3. POSITION, DUTIES AND RESPONSIBILITIES
(a) The Executive shall serve as, and with the title, office and
authority of, the Executive Vice President - Administration and Secretary of the
Company and as a member of the Board of Directors of the Company (the "Board")
and shall report directly to the Chief Executive Officer of the Company. The
Executive shall also hold similar titles, offices and authority with the
Company's subsidiaries and/or their successors. The Company shall use its
<PAGE>
best efforts to cause the Executive to be nominated and elected (or renominated
and reelected, as the case may be) during the Employment Period as a director of
the Company and its subsidiaries or their successors.
(b) The Executive shall have all of the powers, authority, duties
and responsibilities usually incident to the positions and offices of Executive
Vice President Administration and Secretary of the Company.
(c) The Executive agrees to devote substantially all of his
business time, efforts and skills to the performance of his duties and
responsibilities under this Agreement; provided, however, that nothing in this
Agreement shall preclude the Executive from devoting reasonable periods required
for (i) participating in professional, educational, philanthropic, public
interest, charitable, social or community activities, (ii) serving as a director
or member of an advisory committee of any corporation or other entity that the
Executive is serving on as of the Effective Date or any other corporation or
entity that is not in direct competition with the Company or (iii) managing his
personal investments, provided that such activities do not materially interfere
with the Executive's regular performance of his duties and responsibilities
hereunder.
4. PLACE OF PERFORMANCE
The Executive shall perform his duties at the principal offices of the
Company located at One HealthSouth Parkway, Birmingham, Alabama, but from time
to time the Executive may be required to travel to other locations in the proper
conduct of his responsibilities under this Agreement.

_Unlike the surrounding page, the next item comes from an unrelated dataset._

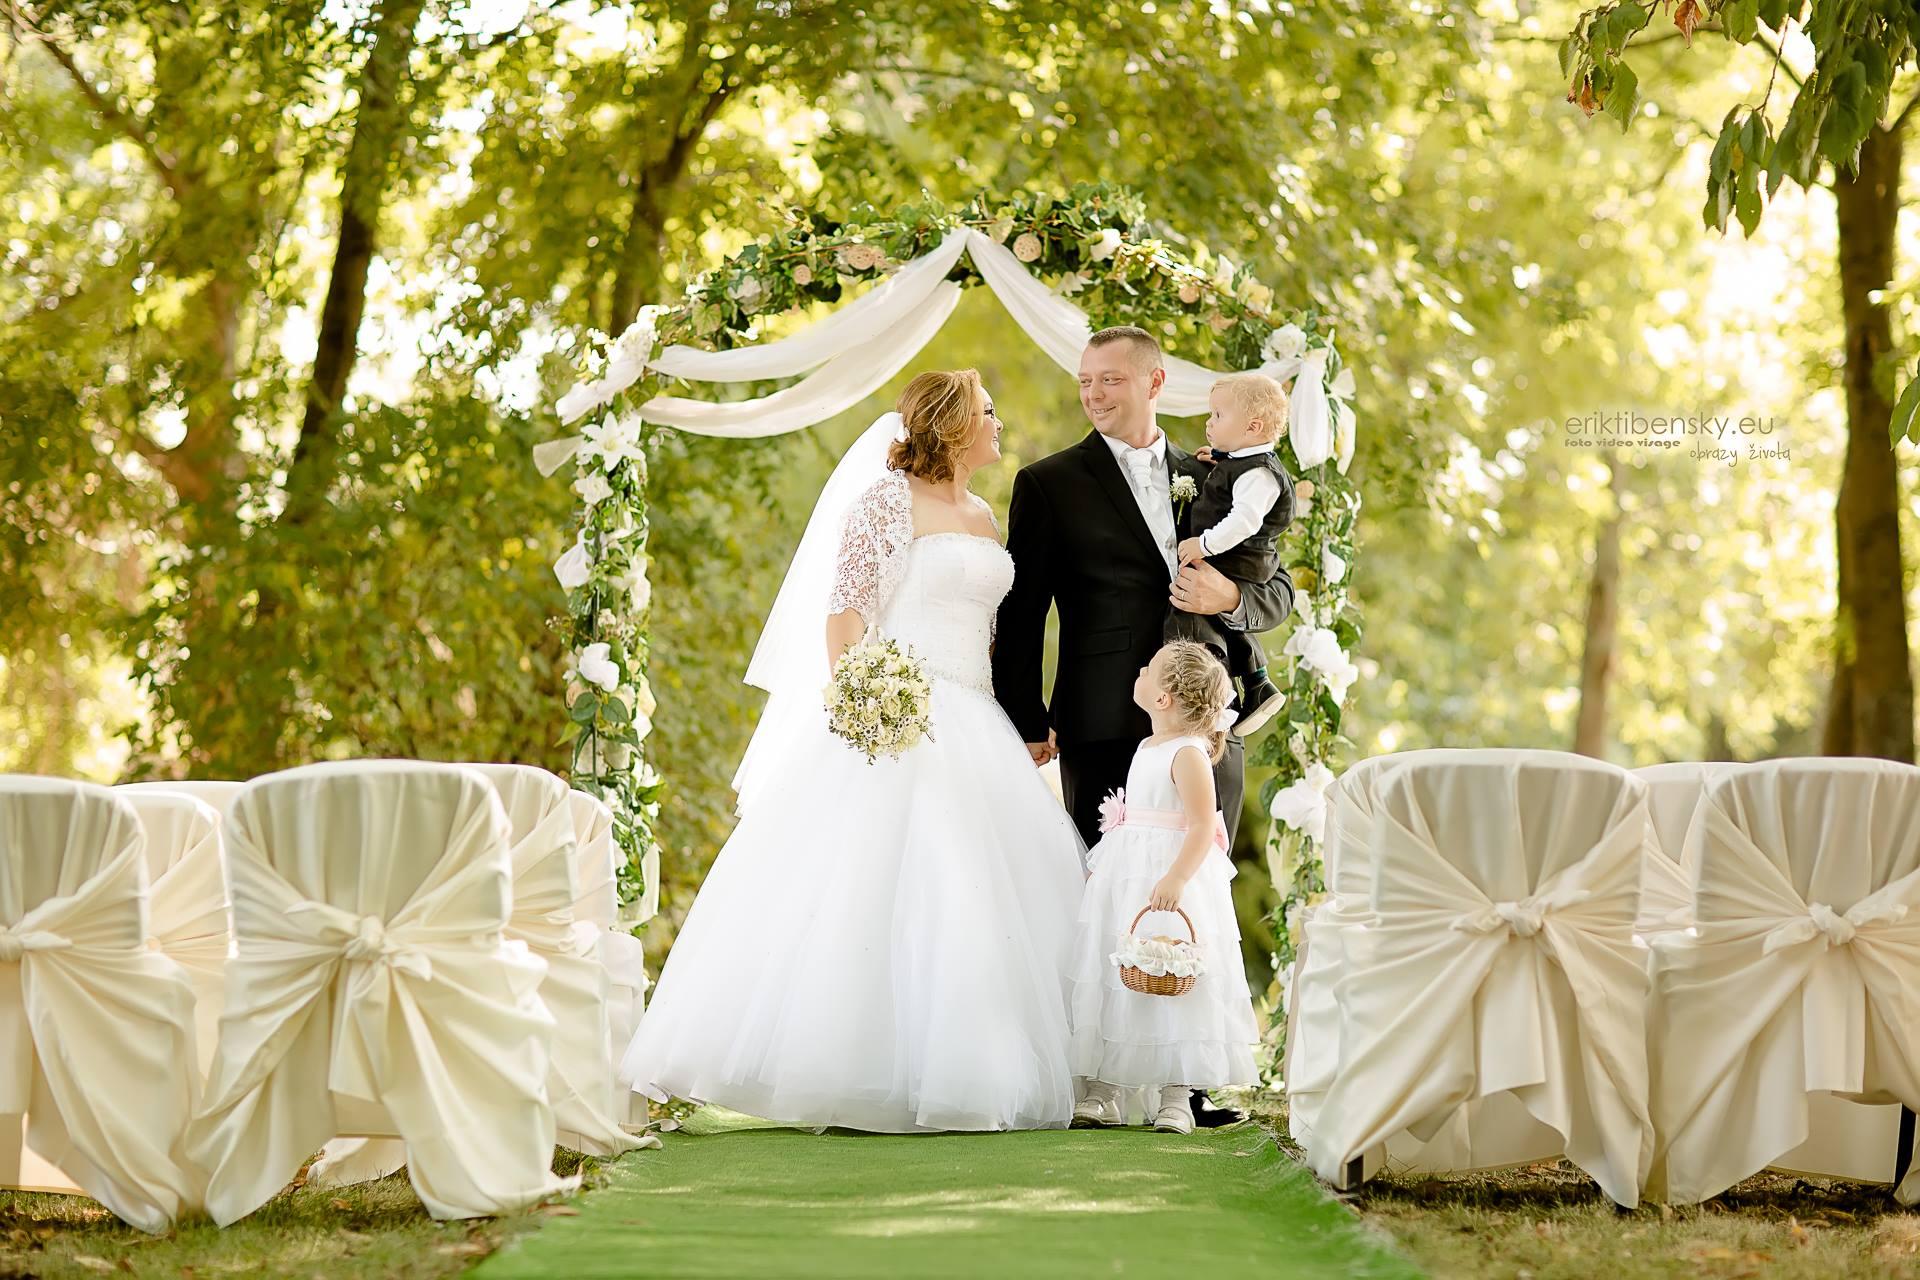 eriktibensky-eu-svadobny-fotograf-wedding-photographer-3027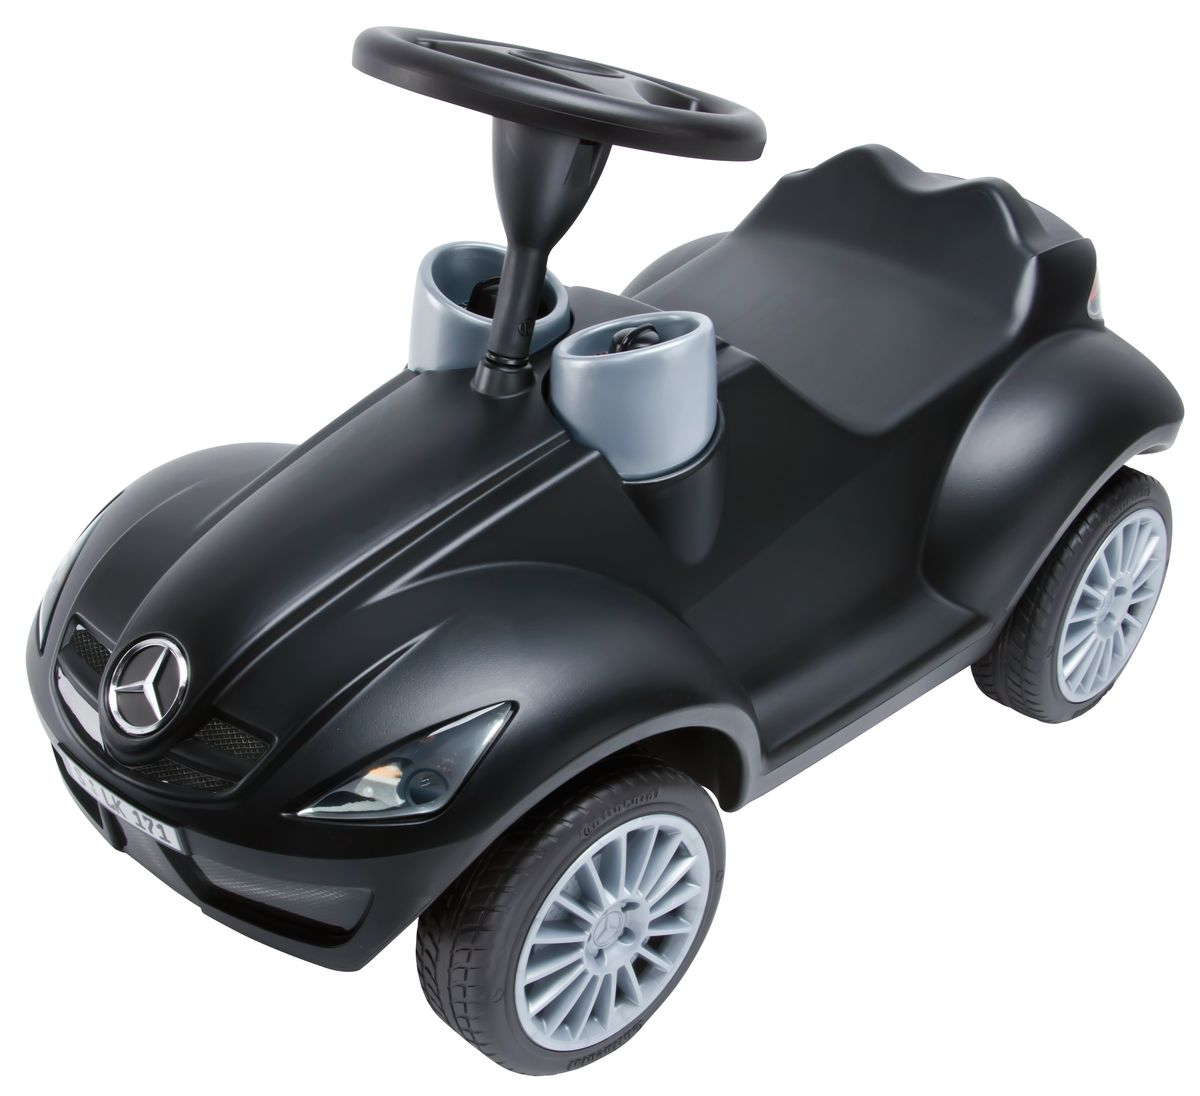 Big Машинка SLK-Bobby-Benz

5. COMPENSATION AND BENEFITS
In consideration of the services rendered by the Executive during the
Employment Period, the Company shall pay or provide the Executive the amounts
and benefits set forth below.
(a) Salary. The Company shall pay the Executive an annual base
salary (the "Base Salary") of at least $375,000. The Executive's Base Salary
shall be paid in arrears in substantially equal installments at monthly or more
frequent intervals, in accordance with the normal payroll practices of the
Company. The Executive's Base Salary shall be reviewed at least annually by the
Compensation Committee of the Board (the "Compensation Committee") for
consideration of appropriate merit increases and, once established, the Base
Salary shall not be decreased during the Employment Period.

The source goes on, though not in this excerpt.